Like Eph/ephrin, IgSF proteins are implicated in many aspects of the nervous system development, including axon pathfinding, target recognition, and synapse formation (Rougon and Hobert 2003). It was reported recently that the Caenorhabditis elegans IgSF protein, WRK-1, interacts with Eph/ephrin signaling to provide a midline guidepost function (Boulin et al. 2006). Midline guideposts are necessary for developing axons to decide whether to cross the midline or not, a decision that underlies the ability of the nervous system to coordinate events occurring on each side of the body. WRK-1 is expressed in embryonic midline motoneurons (eMNs), and wrk-1 loss-of-function mutations caused nonautonomous midline axon guidance defects in the worm similar to those observed in mutants for Eph/ephrin signaling. Epistasis experiments indicated that these genes act in a single pathway. Interestingly, the cell autonomy of vab-1 (coding for an Eph receptor) and wrk-1was investigated, and although these genes act in the same pathway, they are required in different cells. The proposed model is that vab-1 and wrk-1 are expressed in opposing and presumably interacting neurons (Boulin et al. 2006). The authors further demonstrate a direct interaction between WRK-1, VAB-1, and VAB-2 (an ephrin), leading to a proposed model in which WRK-1 and VAB-2 are coexpressed in eMNs, where they interact with each other and provide a repulsive signal to VAB-1-expressing axons in trans (Fig. 5, below; Table 1; Boulin et al. 2006).

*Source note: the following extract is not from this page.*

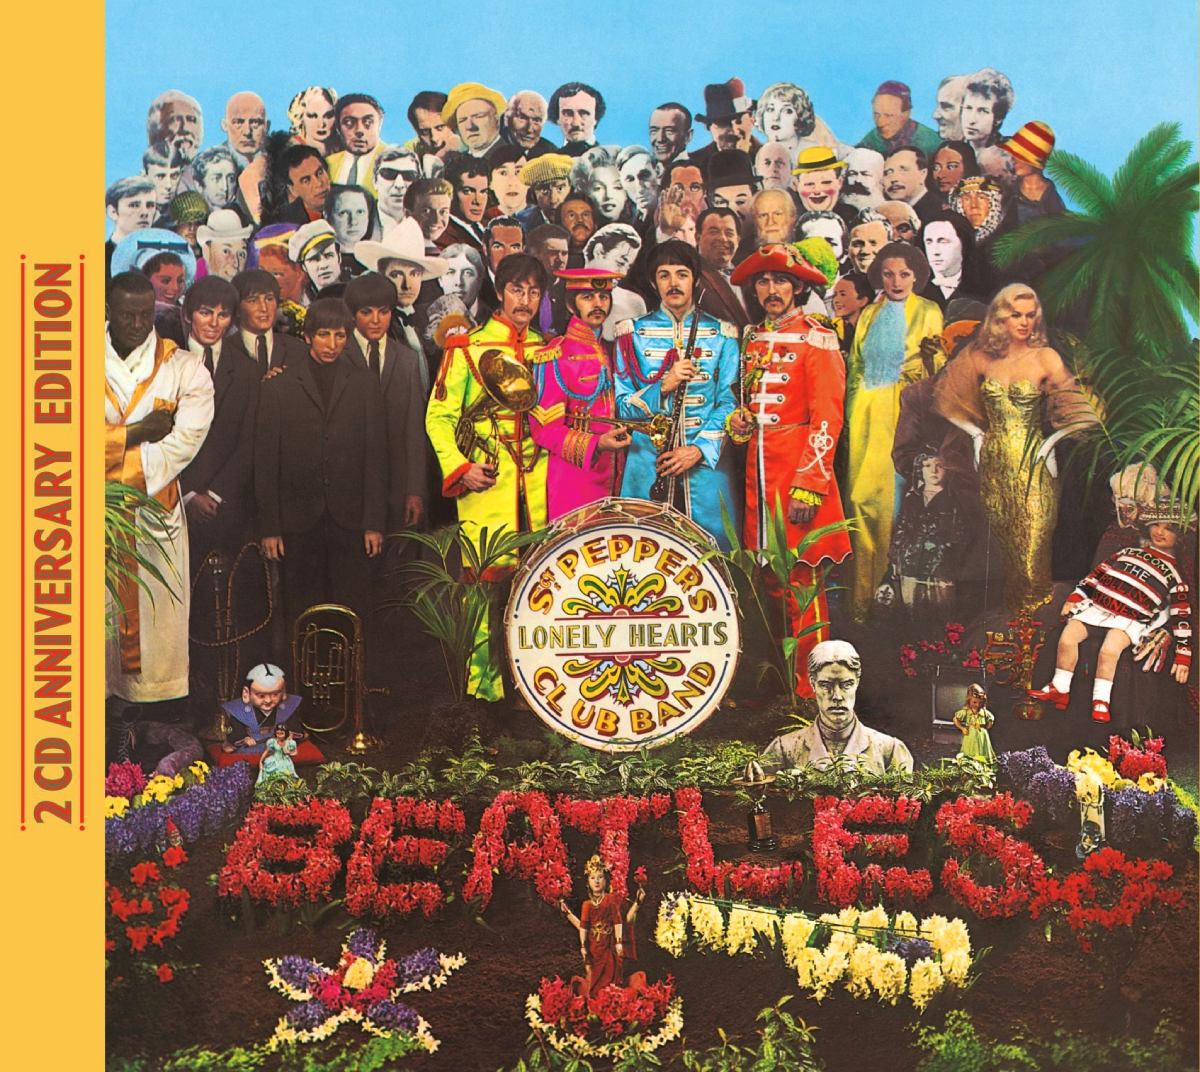 Sgt. Pepper's Lonely Hearts Club Band (album des Beatles)

Robo proteins are members of the IgSF family also involved in midline axon guidance (Dickson and Gilestro 2006). Ghenea et al. (2005) identified sax-3 as a candidate gene functioning with vab-1 during embryogenesis. Using genetic and molecular approaches, Ghenea et al. (2005) demonstrated that SAX-3/Robo functions with VAB-1 to regulate embryonic morphogenesis and axon guidance in C. elegans. sax-3 mutants displayed defects that are similar to vab-1 mutants, and analysis of a combination of double mutants revealed a gene-dosage sensitivity between these genes. In addition, direct interaction between VAB-1 and SAX-3 was demonstrated using two-hybrid and GST-pull-down assays (Ghenea et al. 2005). Since the domain of interaction was mapped to the juxtamembrane domain of SAX-3, and both proteins were coexpressed in a subset of neuroblasts, Ghenea et al. (2005) proposed that these two receptors form a complex in cis and act together during embryogenesis (Fig. 5, below). Given the well-known role of Robo proteins as midline guideposts and the data described above (Boulin et al. 2006), it would be interesting to assess midline crossing of ventral axons in double sax-3/vab-1 mutants. In vertebrates, evidence for interplay between Eph/ephrin and IgSF proteins is limited to one member of the family. Zisch et al. (1997) showed that L1 is a substrate for Eph-B2 tyrosine kinase, while Suh et al. demonstrated that growth cones stimulated with L1 lost their responsiveness to Eph-B (Suh et al. 2004). Together, these studies show the importance of the interplay between Eph/ephrin and IgSF proteins and highlight the complexity of interactions between cell surface proteins, which can happen either in cis or in trans.

Cadherins

In addition to the regulation of cell migration and axon navigation, one of the prominent biological outcomes of Eph/ephrin signaling is the regulation of cell sorting, a process by which populations of cells physically segregate from each other to generate distinct tissues or compartments (Xu et al. 1999; Poliakov et al. 2004). The cellular and molecular mechanisms by which Eph/ephrin signaling control cell sorting behaviors are still not well characterized; however, because homotypic interactions via cadherins play an important role in cell sorting (Tepass et al. 2002), it was postulated that these two pathways might cooperate to regulate cell adhesion and segregation. Surprisingly, there is little evidence supporting this hypothesis. In Xenopus embryos, ectopic expression of an Eph receptor or an ephrin leads to cell dissociation, a phenotype that could be rescued by overexpressing C-cadherin (Winning et al. 1996; Jones et al. 1998). However, the fact that no alteration of the cadherin/β-catenin interaction could be detected following ectopic expression of Eph or ephrin suggests that overexpression of C-cadherin might not specifically rescue Eph/ephrin-induced dissociation but might serve as indiscriminate SuperGlue. In mammalian epithelial cells, it was shown that Eph-A2 localizes to sites of cell–cell contact and that this subcellular localization was dependent on E-cadherin. In addition, ectopic expression of E-cadherin expression in breast cancer cells that lack endogenous E-cadherin increased tyrosine phosphorylation of Eph-A2 and led to a decreased cell adhesion to the extracellular matrix (Zantek et al. 1999). Zantek et al. (1999) concluded that Eph-A2 function is dependent on E-cadherin; however, they also report that neither coprecipitation nor coclustering between the two proteins could be detected using their system. This led them to argue that E-cadherin could primarily serve to stabilize cell–cell contacts and thereby promote interactions between Eph-A2 and its ligands (Zantek et al. 1999).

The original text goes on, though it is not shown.